When Natco’s dedicated profit-drain team spent time with these customers, they saw that in many cases, the company didn’t need overnight service. The team partnered with counterpart managers from these companies to identify the shipments that really required overnight service. This change reduced the expediting and cross-shipping costs for Natco, turning these customers into profit peaks. In return, Natco guaranteed 100% order fulfillment on the scheduled dates (which eliminated inefficient backorders). This was an important benefit to these customers.

Profit-drain customer teams have visibility into best practices across the full range of their customers, which enables them to compare similar companies, identify which customer cost factors are problematic and how to improve them, and quantify the potential profit improvement.

Consider Three Cost Items

In our experience, a small number of cost items offer many of the best opportunities for improvement:

Order pattern. Like the vending machine example, this factor is rarely managed. It’s relatively easy to change in most cases (although some orders need to be shipped at a fixed time), and it offers important gains for both the supplier and the customer.

For example, we recently worked with a major hospital system to optimize their replenishment order pattern, considering the joint costs of both the supplier and hospital. In this well-known, efficient hospital, we were able to lower their supply chain costs by over 40%, with an increase in service levels.

Product mix. In companies without digital transaction-level metrics, the sales and product managers don’t know each product’s actual net profit. Some customer orders are for a specific named product, but most are for a generic need, such as wrap-around safety glasses. The alternative products that meet this need at a similar price point usually have widely varying net profits. Transaction-level metrics reveal each product’s net margins, enabling product managers and sales reps to optimize product mixes profitability at no cost to the customer.

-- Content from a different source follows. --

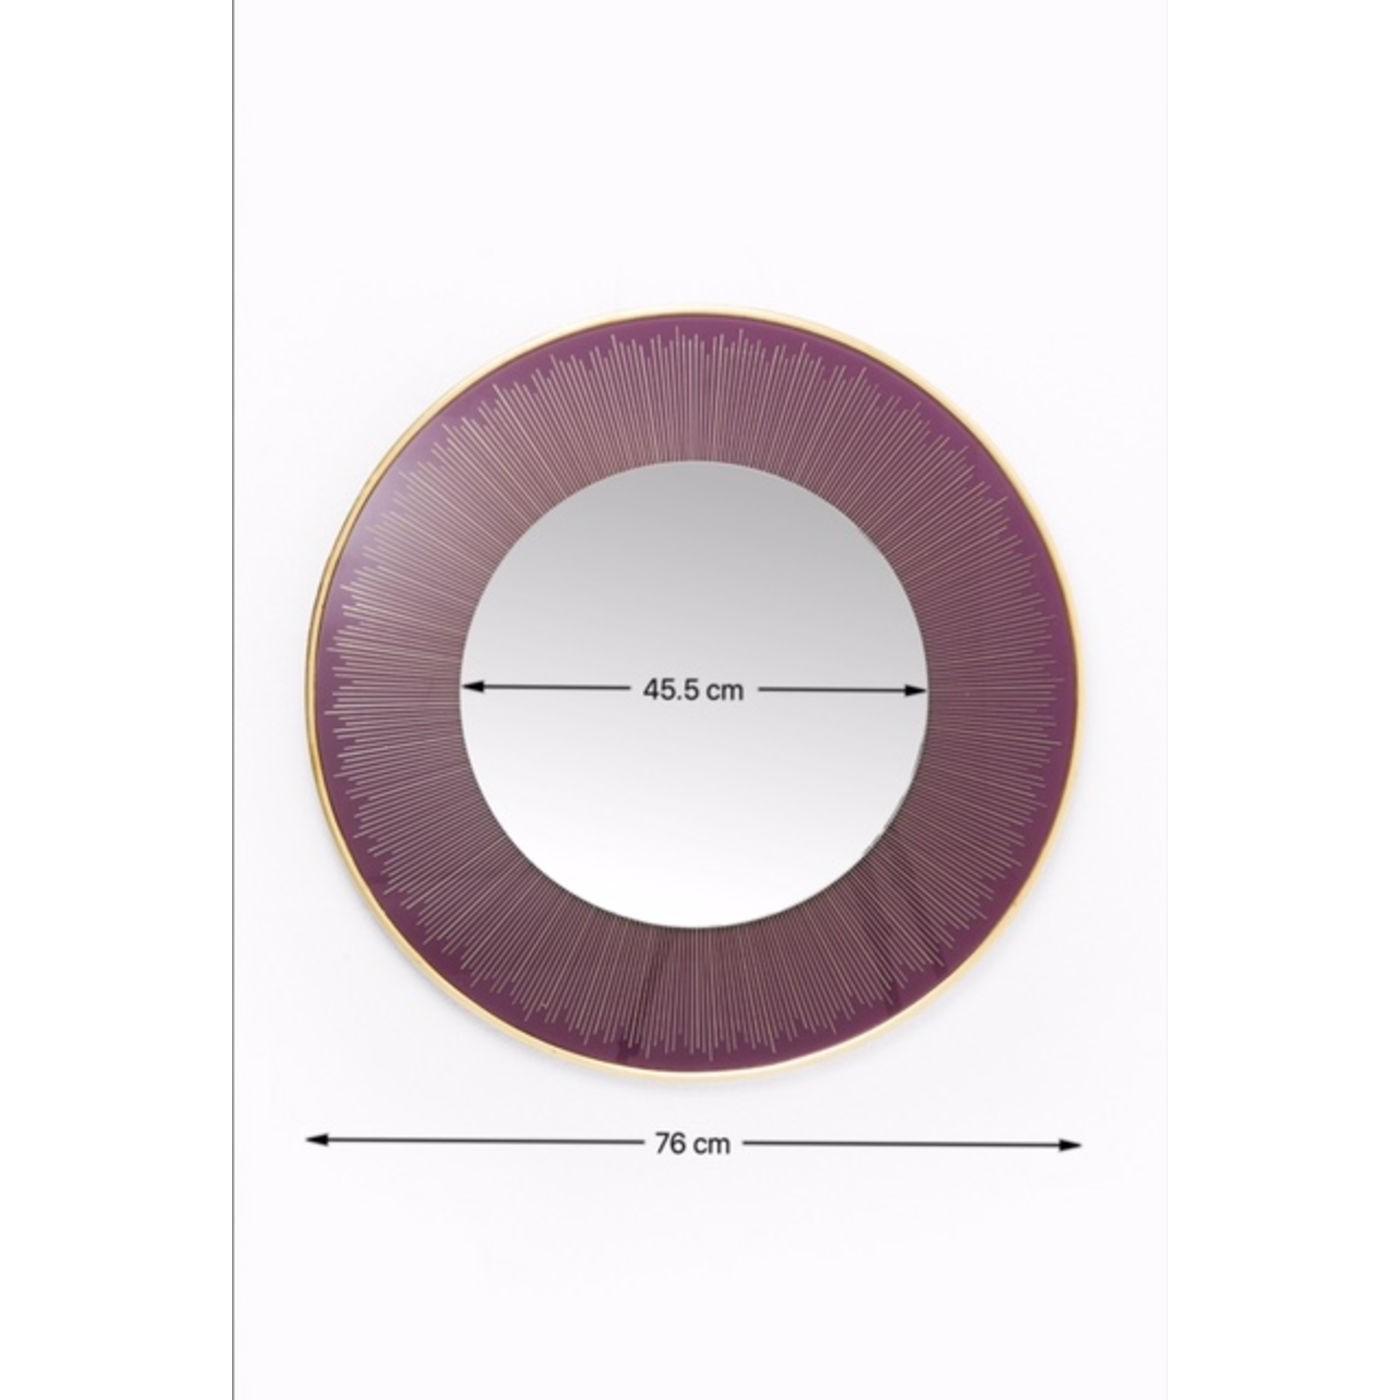 Miroir rond Revival violet 76cm Kare Design

This creates a new opportunity to create an internal “profit catalogue” for sales rep use. The new catalogue has the traditional list of products but adds the all-in net profit of each. At one company, the sales reps get monthly reports on the profitability of each customer’s product mix, with suggested higher-profit product additions and substitutes.

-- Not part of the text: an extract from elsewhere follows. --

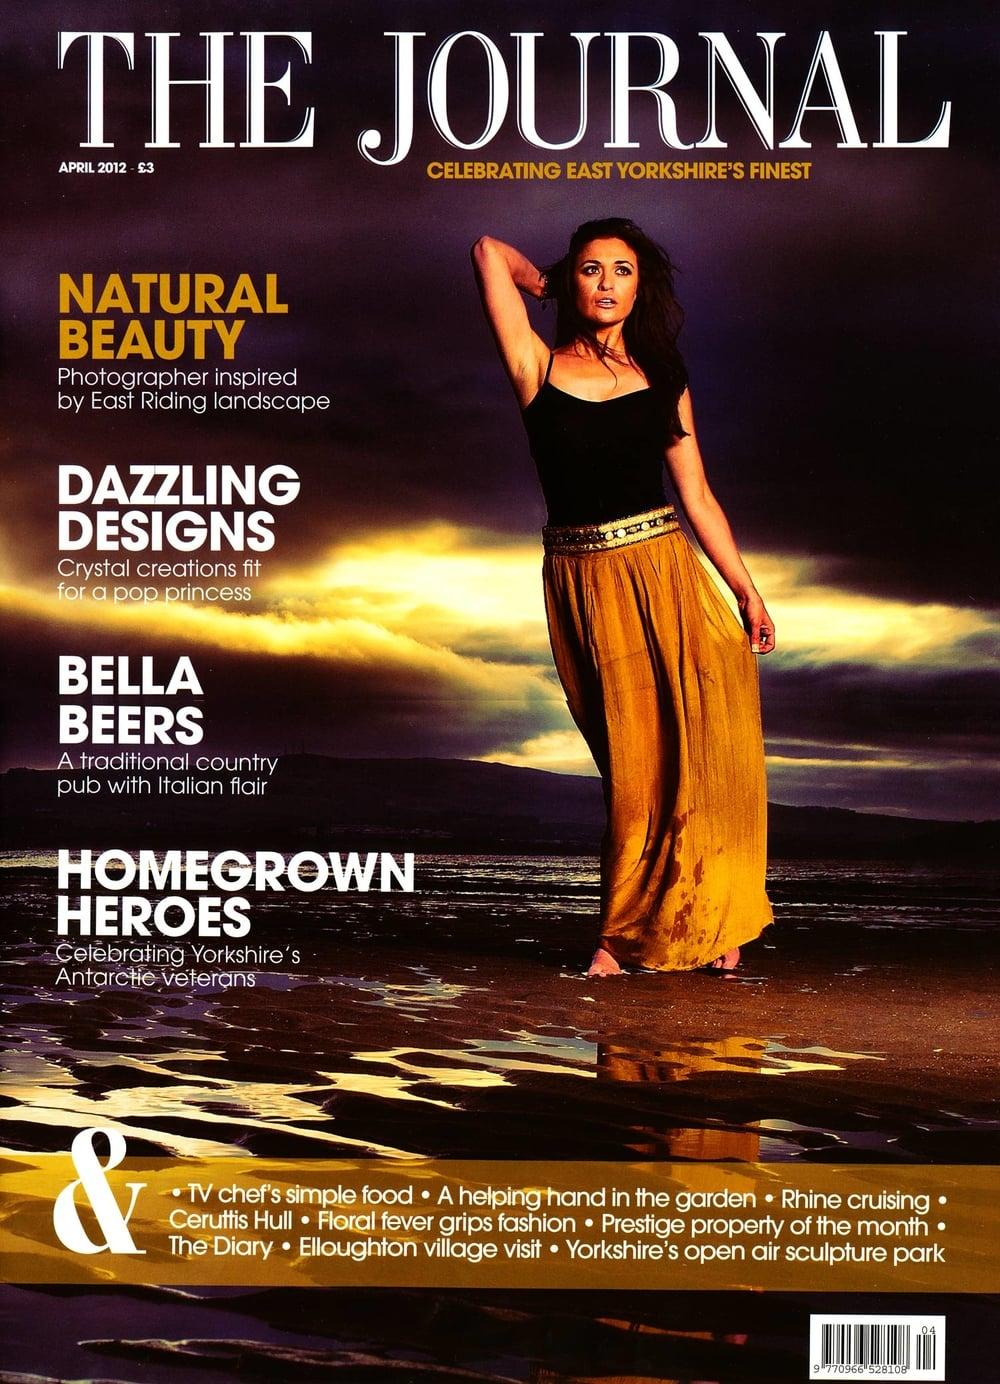 the_journal_cover.jpg

Order channel. Most companies are rapidly moving toward EDI (electronic data interchange, or electronic ordering) because it offers significant cost saving. However, companies with EDI orders lose the ability to cross-sell, up-sell, and probe for important customer information.

The solution. Use EDI for your small customers to lower your cost to serve, but for your important profit peak and profit drain customers, selectively call back once the EDI order is received to cross-sell, up-sell, and keep the relationship close.

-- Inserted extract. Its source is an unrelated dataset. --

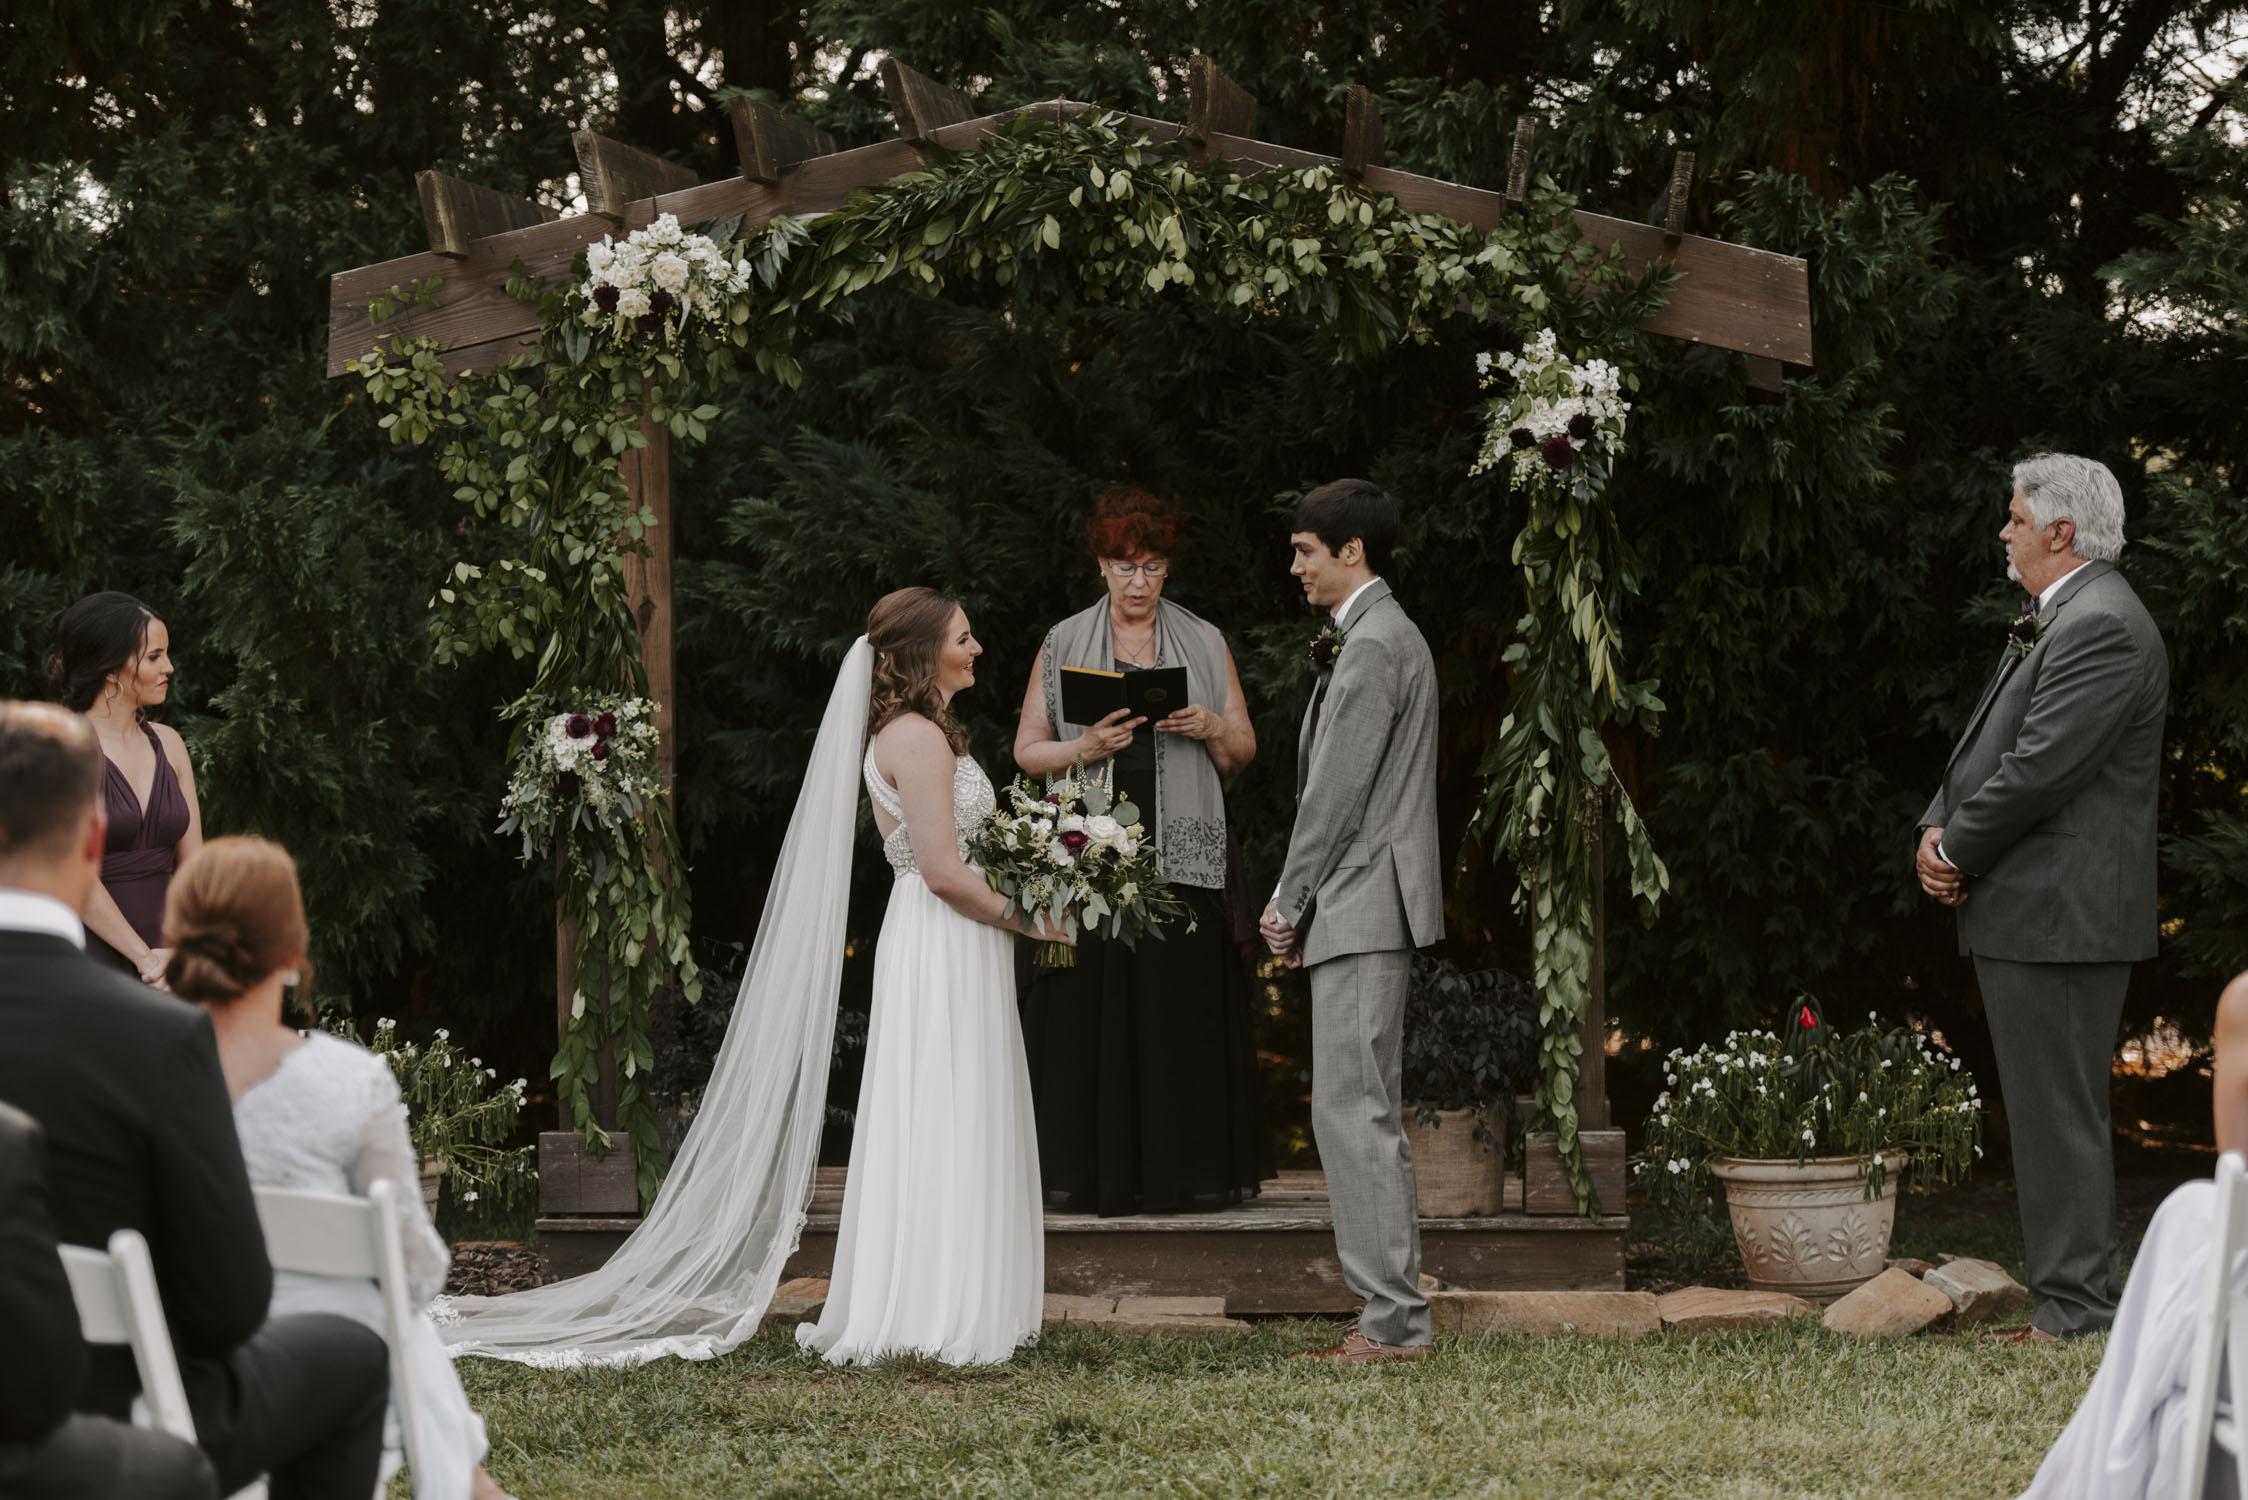 Chapel Hill Wedding getting ready photos | Kayli LaFon Photography, North Carolina Intimate Wedding Photographer

In working continuously with profit drain customers, your multi-capability teams will gain a deep understanding of the profile and development pathways of these customers — as well as the operating cost problems that can be fixed. This will enable your profit-drain teams to identify which prospective customers are likely to become intractable profit drains.

This knowledge is invaluable. Your profit-drain teams need to partner with your sales managers to incorporate these profiles into your account selection and management processes, allowing them to laser-focus on bringing in the accounts that will be profit peaks or that could be converted into profit peaks and avoid those that will be irreversible profit drains. Bringing all your knowledge and expertise to bear on ensuring that your sales reps systematically avoid those who will irreversibly erode your hard-earned profit is the biggest hidden profit lever of all.